Desde el primer momento estuvieron presentes en las protestas de la Puerta del Sol. Esto, dice Bibiana, les trajo nuevos clientes que hasta ese momento compraban en las grandes superficies. Pero este primer impulso de “consumo consciente” se ha visto luego frenado con la crisis. En la feria del libro, que tiene lugar al aire libre en el madrileño parque del Retiro, la facturación cayó un veinte por ciento, y las ventas en navidad disminuyeron un 25 por ciento. Ahora mismo, añade, se trata más de mantener el número de cooperativistas.

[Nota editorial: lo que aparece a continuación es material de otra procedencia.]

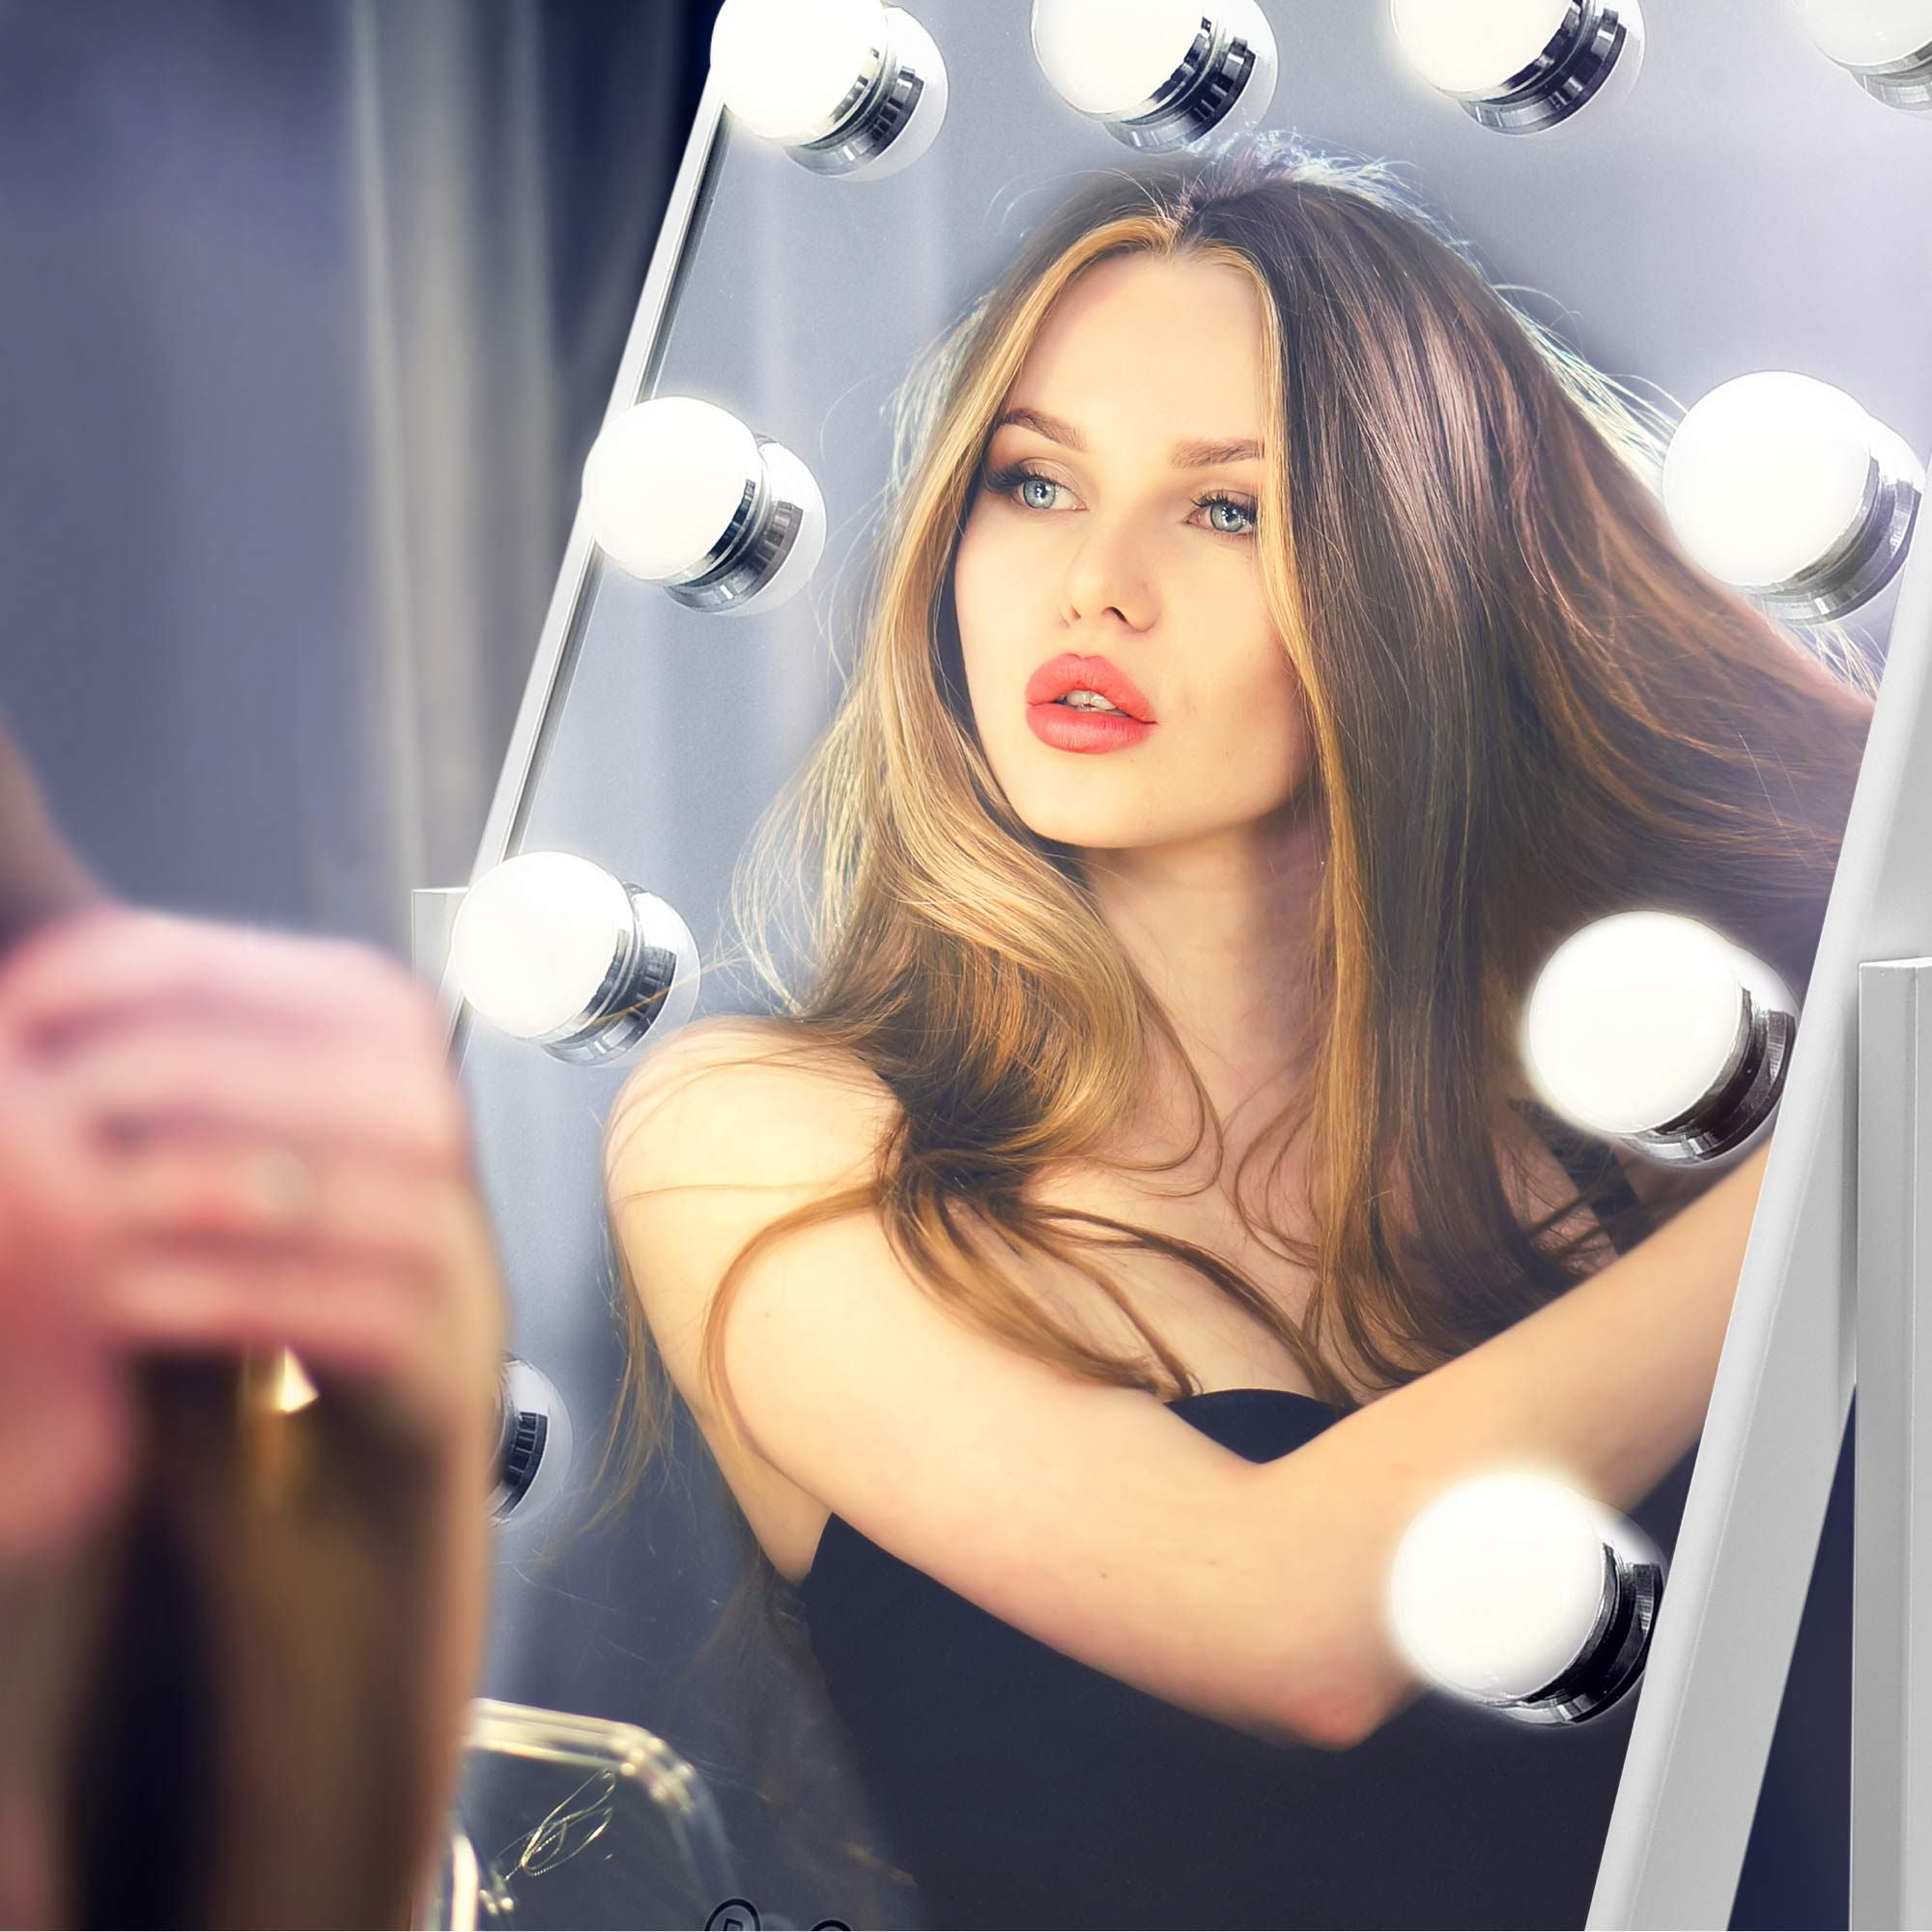 hollywood glamour mirror being used by lady doing her hair in dressing room with LED lights illuminated

También la librería libertaria La Malatesta, tres calles más arriba, en la calle Jesús y María, está organizada por un colectivo de media docena de anarquistas, en la práctica sin embargo por Ricardo y Marcos, dos activistas en medio de la treintena, que no quieren dar a conocer sus apellidos. No solo se ocupan de la tienda y de un puesto en la Plaza de Tirso de Molina, donde la izquierda extraparlamentaria se da cita los domingos, sino que también llevan la editorial del mismo nombre, y que publica unos cuatro o cinco libros al año. Lo que mejor se ha vendido hasta el momento es la Conquista del pan de Kropotkin, la autobiografía del legendario anarquista español Cipriano Mera y una selección de textos sobre pedagogía anarquista.
La Malatesta se trasladó a Lavapiés hace cinco años. Antes estaba en Malasaña, otro barrio también muy popular que sin embargo se ha vuelto demasiado pijo, dice Ricardo. Allí alguna vez además habían sido amenazados por neonazis. Lavapiés en cambio es un barrio anticapitalista. El año pasado los vecinos llegaron incluso a echar una patrulla de la policía que quería detener a un inmigrante ilegal. La pequeña pero bien nutrida tienda es utilizada también como local de reuniones: la asamblea del 15M del barrio, una asociación de librepensamiento y un pequeño grupo de situacionistas celebran ahí sus encuentros. Todos los viernes por la tarde hay una presentación de libros, discusiones y debates. El objetivo es, según Ricardo, acabar con las divisiones entre anarquistas. Pero a mí me parece que tanto él como su compañero ya han logrado un objetivo más alto: establecer un lugar que alberga la conciencia histórica de la izquierda radical. El precio a pagar por ello es el de una existencia precaria; calculo que ambos no ganan más de 650 euros al mes. Esto es ahora mismo el salario mínimo establecido por ley. La pregunta sobre cómo se puede vivir de esto, me la devuelve Ricardo en forma de confesión: "es lo más importante que he hecho en mi vida"

*Artículo del escritor austriaco Erich Hackl y aparecido en el periódico Der Standard, con fecha de 26 de mayo de 2013. Traducción de Iván Maté para Contrabandos - Asociación de editores independientes de libro político.